Certaines des déclarations les plus mémorables – et les plus controversées – du pape ont été faites au cours de ces échanges impromptus. Ses conférences de presse aériennes (une autre caractéristique régulière de ses voyages à l’étranger) ont produit de nombreux titres sensationnels. Ses nombreuses conversations amicales avec le défunt Eugenio Scalfari – que le journaliste athée a reproduites de mémoire, sans bénéficier d’une transcription ou d’un enregistrement – ont à plusieurs reprises envoyé le bureau de presse du Vatican en mode « contrôle des dégâts ». La déclaration la plus célèbre de tout son pontificat a probablement été une réponse à la question d’un journaliste : « Qui suis-je pour juger ? »

D’ordinaire, lorsqu’un pape – n’importe quel pape – fait une déclaration officielle [/for the record], il s’exprime à partir d’un texte préparé. Avec des milliers de personnes qui lisent ses paroles, la précision est importante ; la spontanéité peut être imprudente.

La spontanéité est une caractéristique de son pontificat, cependant, et le pape François n’est pas découragé par les fureurs qu’il a suscitées par ses remarques publiques non vérifiées. D’ailleurs lorsqu’il écrit, il le fait souvent de manière impulsive. Les fonctionnaires du Vatican se plaignent d’avoir été pris au dépourvu par des annonces majeures, publiées sans consultation. Même dans son rôle de législateur canonique, il peut être hâtif. Andrea Gagliarducci note qu’il a publié un nombre étonnant de 70 motu proprios, ajoutant ou modifiant le droit canon, au cours de sa décennie sur le Trône de Pierre. Dans plusieurs cas, un motu proprio a corrigé les oublis d’un autre.

Nous sommes tous sujets à l’erreur lorsque nous parlons trop vite. Pour la plupart d’entre nous, heureusement, ce que nous disons n’a pas tellement de conséquences. À Buenos Aires, le cardinal Bergoglio aurait pu parler à bâtons rompus [a braccio] sans provoquer plus que quelques vagues de curiosité. À Rome, sous le regard constant de la presse, il en va tout autrement.

Et cette semaine, c’est au cours d’une audience privée avec des membres de la presse vaticane que le pape a lâché sa dernière citation qui a attiré l’attention. Elle est apparue lorsqu’il a mis de côté les remarques qu’il avait préparées et a remercié les journalistes rassemblés pour « la délicatesse dont vous faites souvent preuve lorsque vous parlez des scandales de l’Église. »

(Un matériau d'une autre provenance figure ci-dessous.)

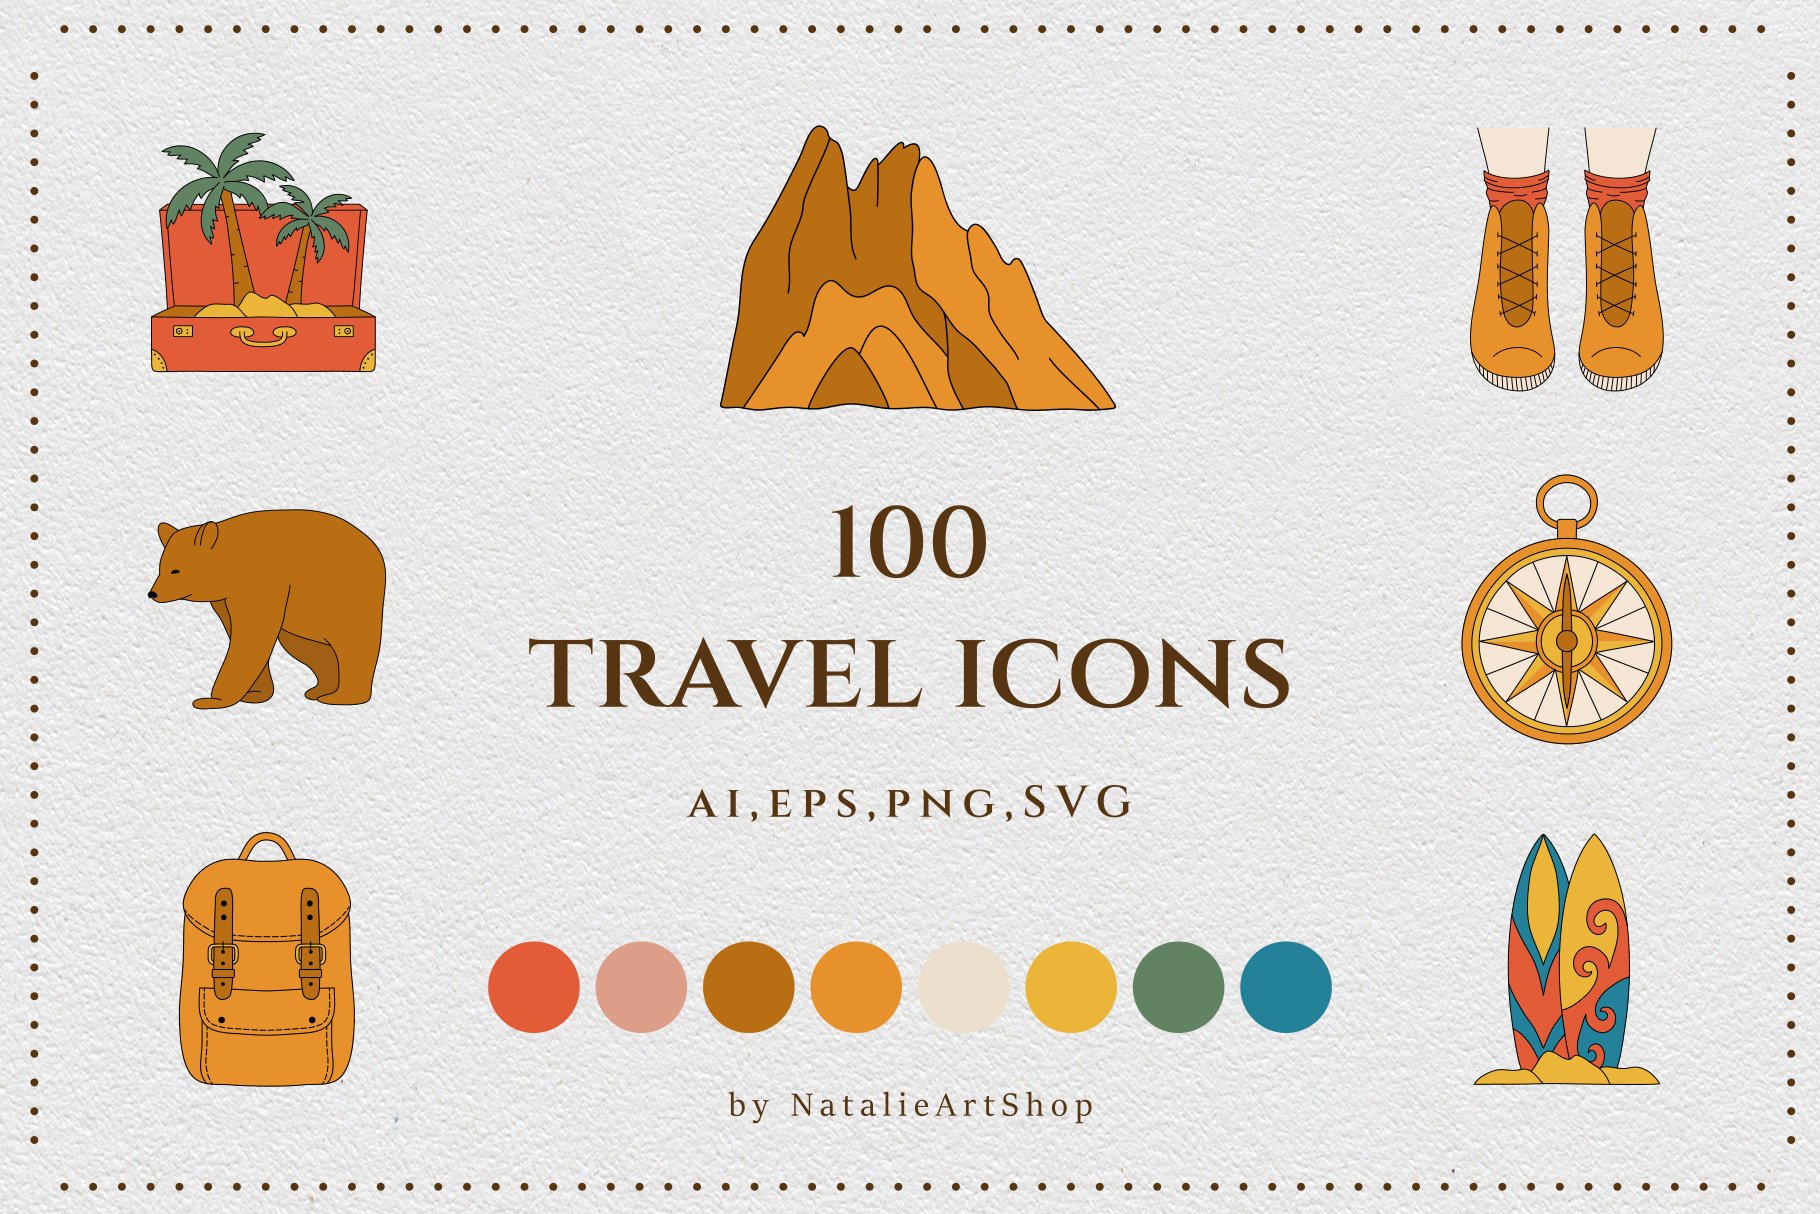 Travel icon set cover image.

Qu’entendait le pontife par « délicatesse » dans la couverture des scandales ? Il a expliqué qu' »il y en a tellement, et j’ai vu chez vous une grande délicatesse, un respect, un silence presque honteux. » (Ici, « honteux » pourrait être mieux traduit par « abasourdi »).

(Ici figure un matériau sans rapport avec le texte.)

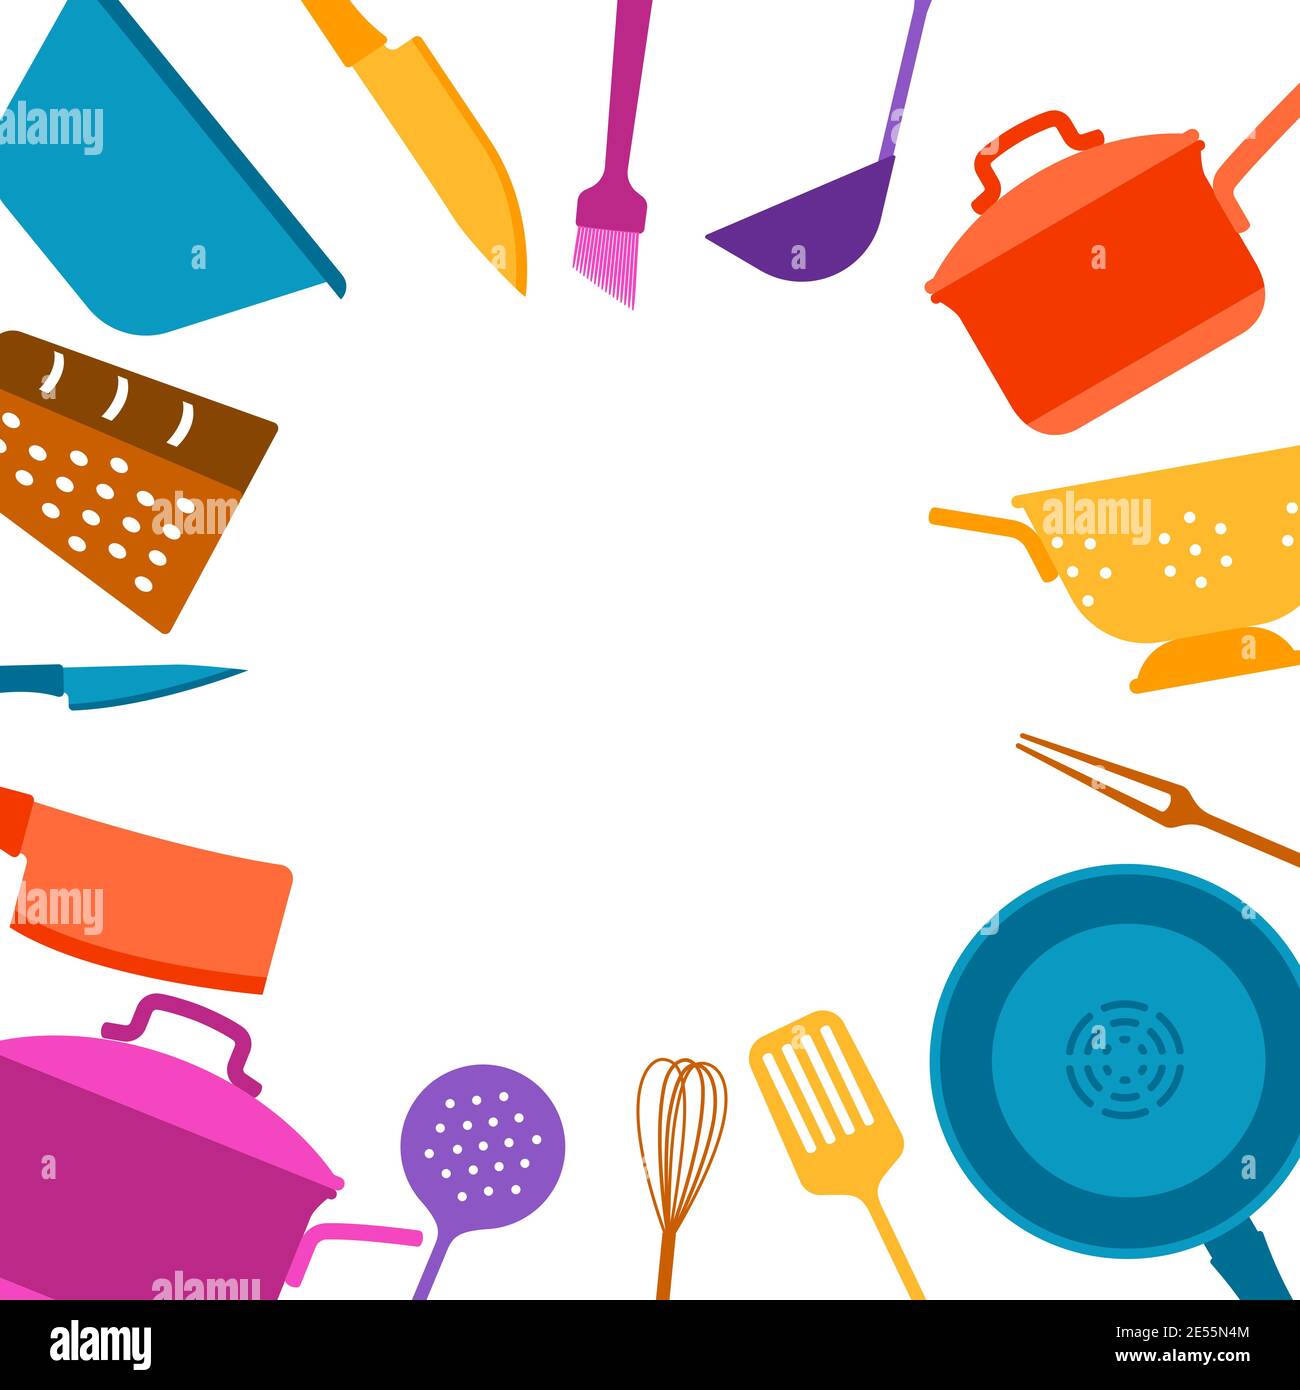 Background with kitchen utensils. Stock Vector

Dans le contexte, le pape remerciait les journalistes de ne pas fouiller dans les détails les plus sordides des scandales. Et il est important de garder à l’esprit que tous les pays n’ont pas connu la même saturation de couverture des scandales d’abus sexuels que les médias américains au cours des vingt dernières années. Néanmoins, les commentaires du Pape – comme tant d’autres de ses commentaires « hors du script » – vont certainement lui causer de réelles difficultés.

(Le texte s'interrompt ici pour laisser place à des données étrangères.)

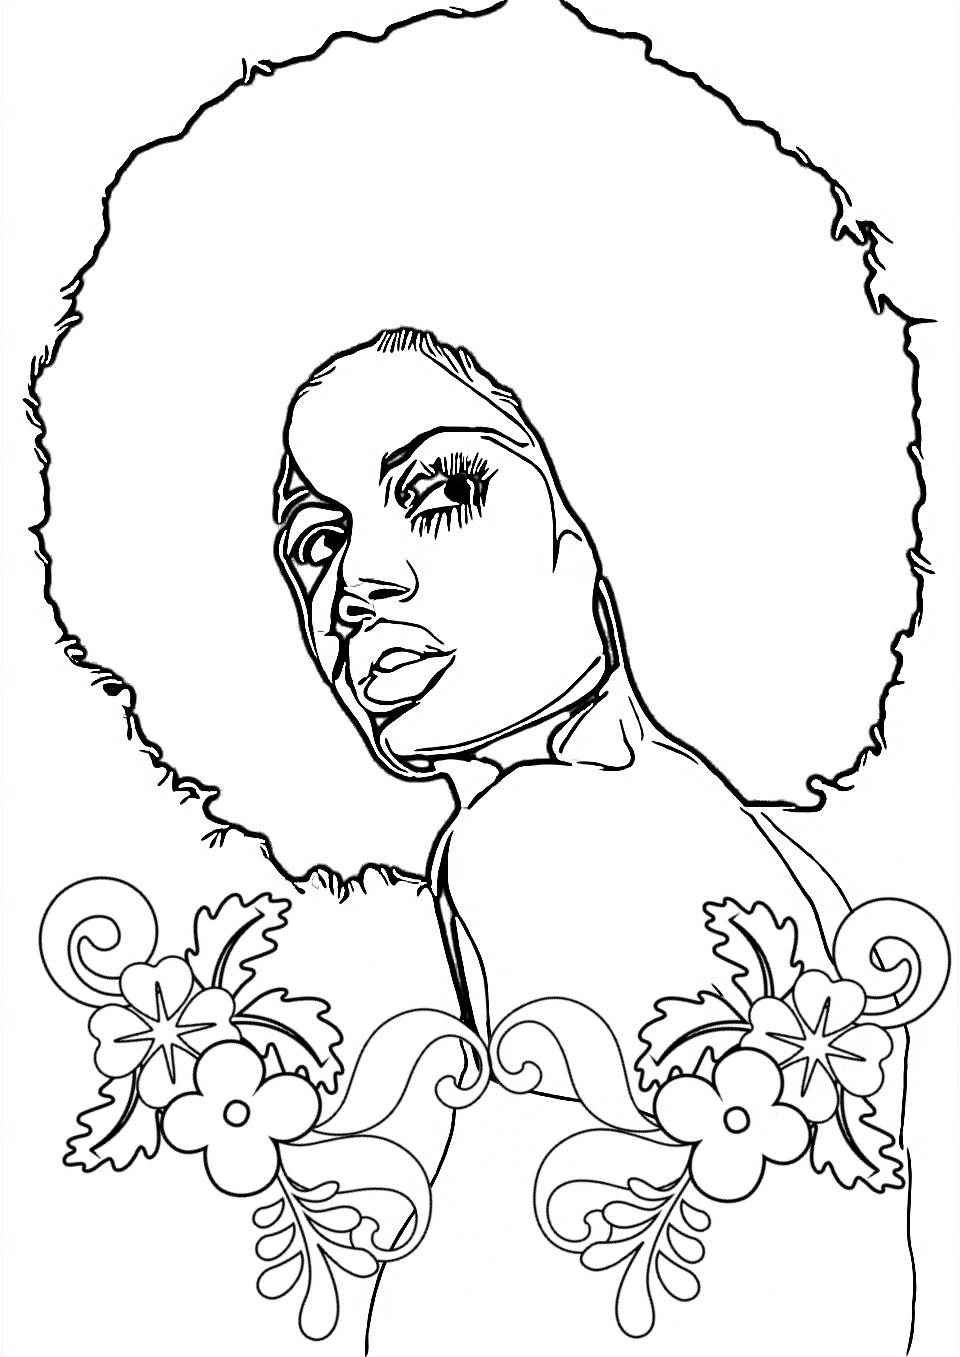 Glorious Afro, Beautiful Woman Coloring Page Coloring Page. Itsostylish.com

Tout d’abord, le pape François semble encourager les journalistes à ne pas parler des scandales du Vatican. Ce message – qu’il ait été transmis intentionnellement ou non – diffère à 180 degrés de l’engagement souvent affirmé par le pape en faveur de la transparence et de la divulgation complète.

Deuxièmement, le pape semble remercier les membres accrédités du corps de presse du Vatican – les journalistes dont le travail nécessite un accès régulier aux responsables du Vatican – pour avoir gardé un silence discret sur les scandales. Reconnaît-il implicitement qu’à ce jour, les journalistes n’ont pas remis en question son implication personnelle dans l’affaire Zanchetta, le scandale Rupnik, le fiasco de l’immobilier londonien ? Pourrait-il même laisser entendre que pendant le reste de son pontificat, les journalistes qui traitent ces questions avec « délicatesse » et peut-être même avec un « silence honteux/abasourdi » seront traités avec faveur ?

Voici une autre chose que nous avons apprise au cours de ce pontificat : lorsque le pape François sort du script, ni lui ni le service de presse du Vatican ne se soucient de clarifier les choses. Les questions restent donc en suspens.